Pour les entreprises

Les entreprises ont un rôle essentiel à jouer dans la lutte contre l’obsolescence programmée et les biens à faible durabilité. Cette importance de la contribution des fabricants et des commerçants peut sembler une lourde responsabilité, mais elle représente d’abord et surtout une opportunité. En produisant des biens durables et réparables, il est possible de se positionner de manière stratégique dans un marché qui sera amené à évoluer.

Il faut d’abord savoir que les consommateurs ont une préférence marquée pour des produits qu’ils jugent fiables et faciles à réparer. Dans une étude parue en 2018, la Commission européenne relevait qu’un acheteur éventuel serait trois fois plus susceptible d’opter pour un bien se démarquant par sa durabilité et deux fois plus susceptible d’opter pour un produit plus facilement réparable, en assumant que ces informations avaient été fournies au moment de l’achat.[6] Pris autrement, le fait de concevoir et de mettre en vente des biens qui se démarquent quant à ses aspects et en informer les consommateurs constitue un facteur de vente majeur.

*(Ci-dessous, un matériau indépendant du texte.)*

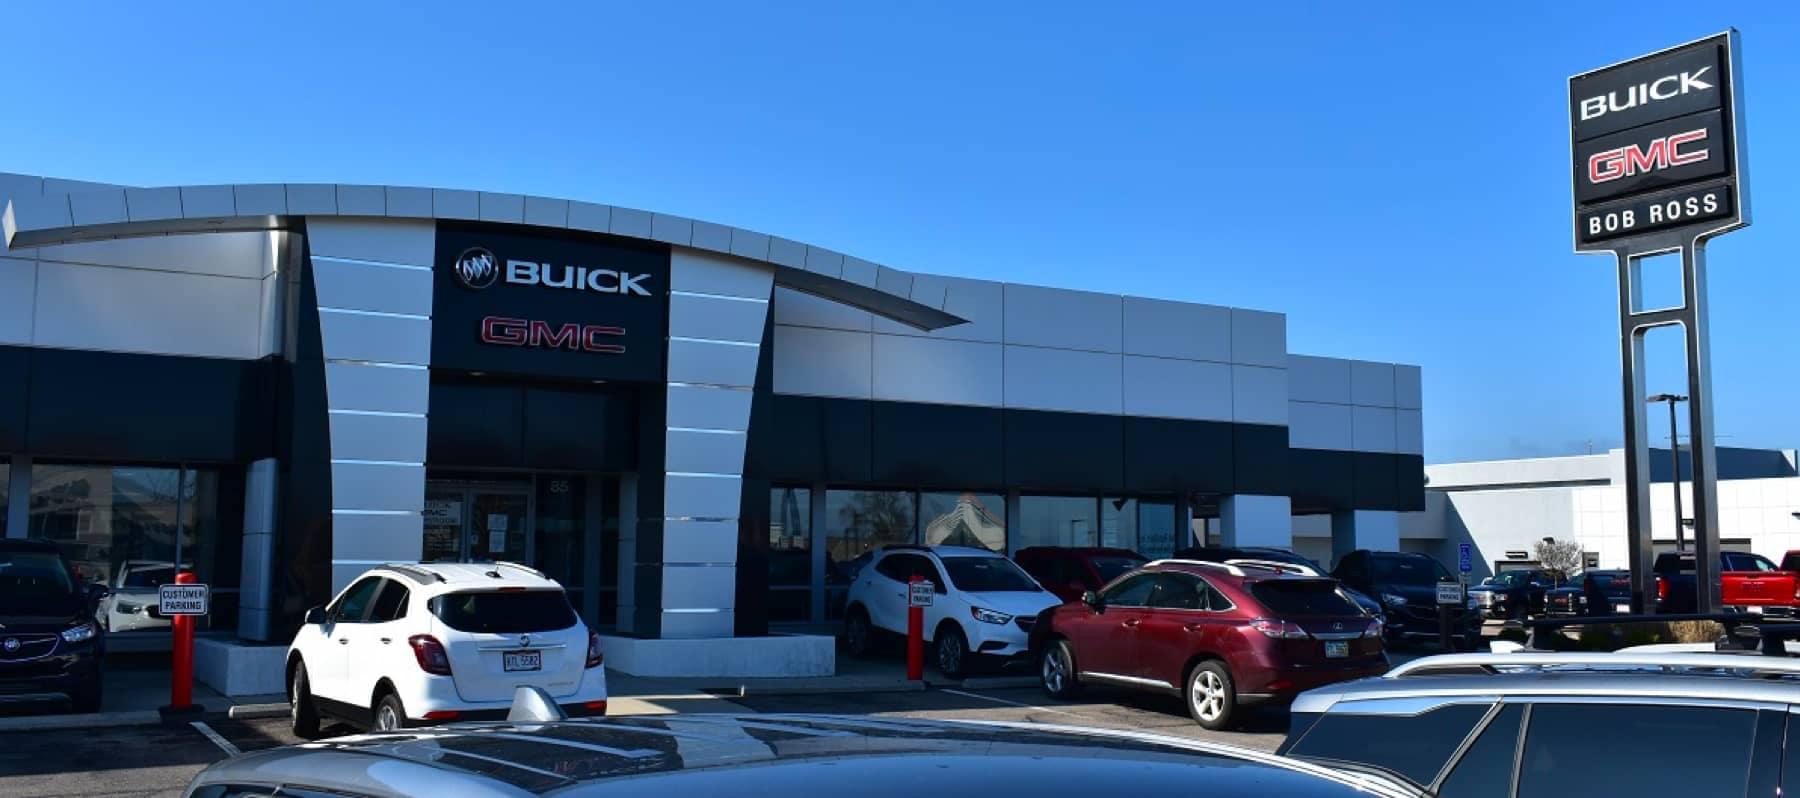 An exterior shot of the Bob Ross Buick GMC dealership

Qui plus est la garantie de bon fonctionnement introduite par la loi n°29 représente un incitatif supplémentaire à produire des biens qui seront durables, du moins pour les catégories de biens visées actuellement. Bien que l’on ignore pour l’instant la durée des garanties pour les différents types de produits, on pourrait raisonnablement s’attendre à ce que cette dernière soit plus étendue que celle de la garantie légale existante. Dans cette optique, le fait d’aller au-devant de l’évolution de la durée des garanties légales en concevant des biens durables ou peu coûteux à réparer paraît être une manière pertinente d’éviter de s’exposer à des risques financiers.

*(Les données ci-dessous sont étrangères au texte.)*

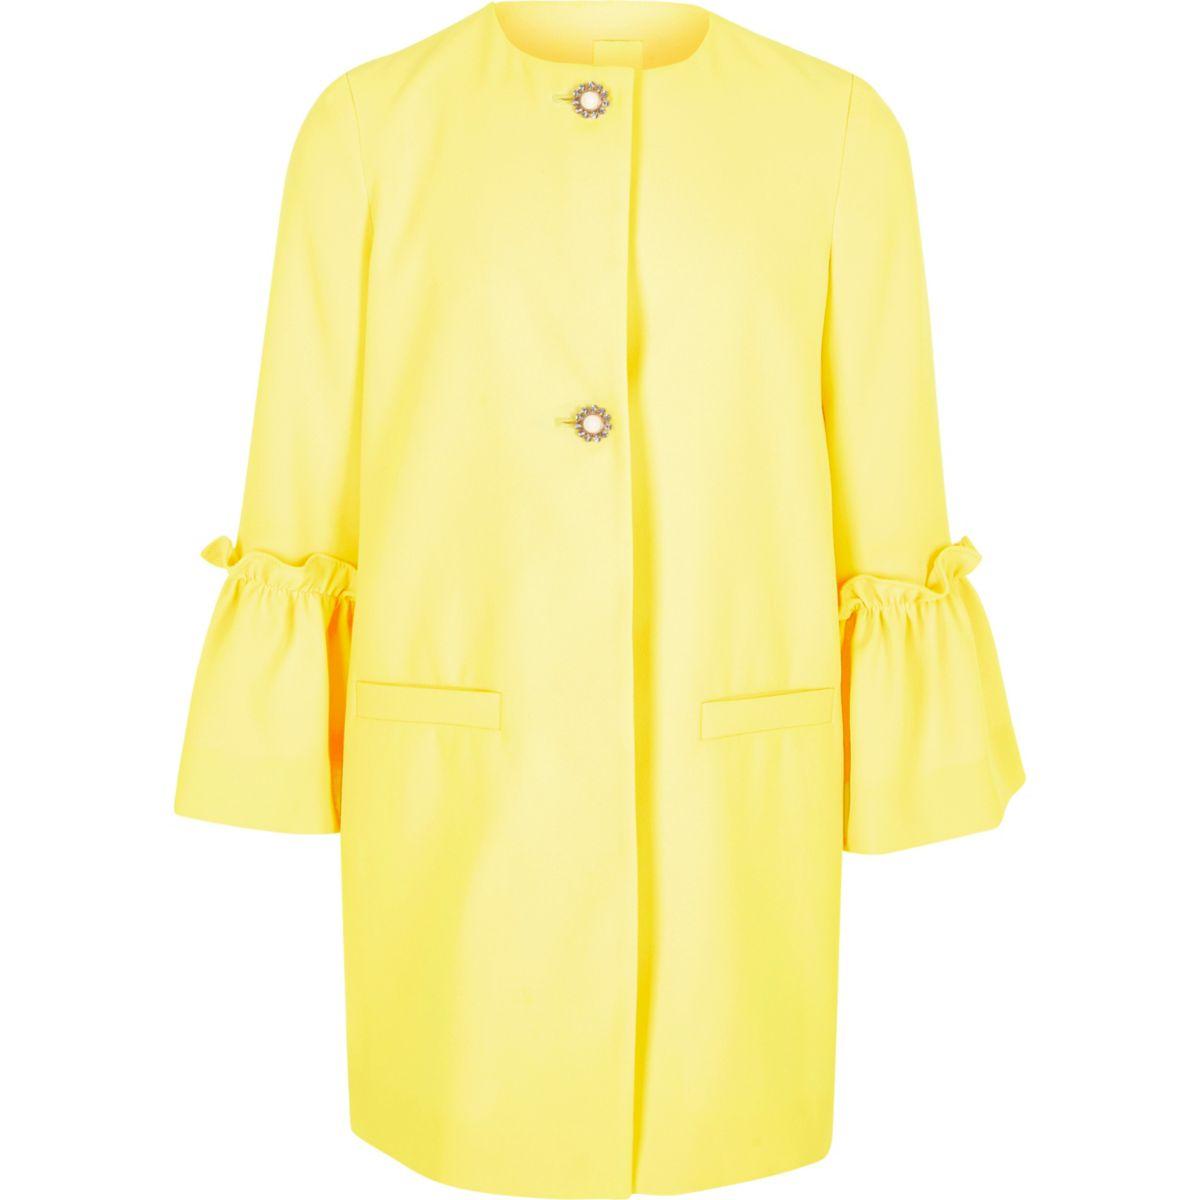 Gelber Mantel mit Perlenknöpfen

Une autre avenue pourrait être de miser sur un service de réparation accessible et abordable. Le marché de la réparation est en déclin depuis plusieurs années au Québec (La Presse, 8 septembre 2023).[7] À cela, il faut ajouter les nouvelles mesures, comme celles de la loi n°29, qui offrent un incitatif supplémentaire à avoir recours à ce type de service. Il y a là une occasion de développer une offre en réparation qui permettra de se différencier par le service après-vente. De plus, étant donné la conjoncture actuelle, il y a lieu à spéculer quant à la possibilité que le gouvernement mette en place des initiatives de développement de l’offre en réparation. Bref, que l’on s’intéresse à la conception des biens ou à leur réparation, il est important de rester à l’affût des développements récents si l’on souhaite demeurer compétitif.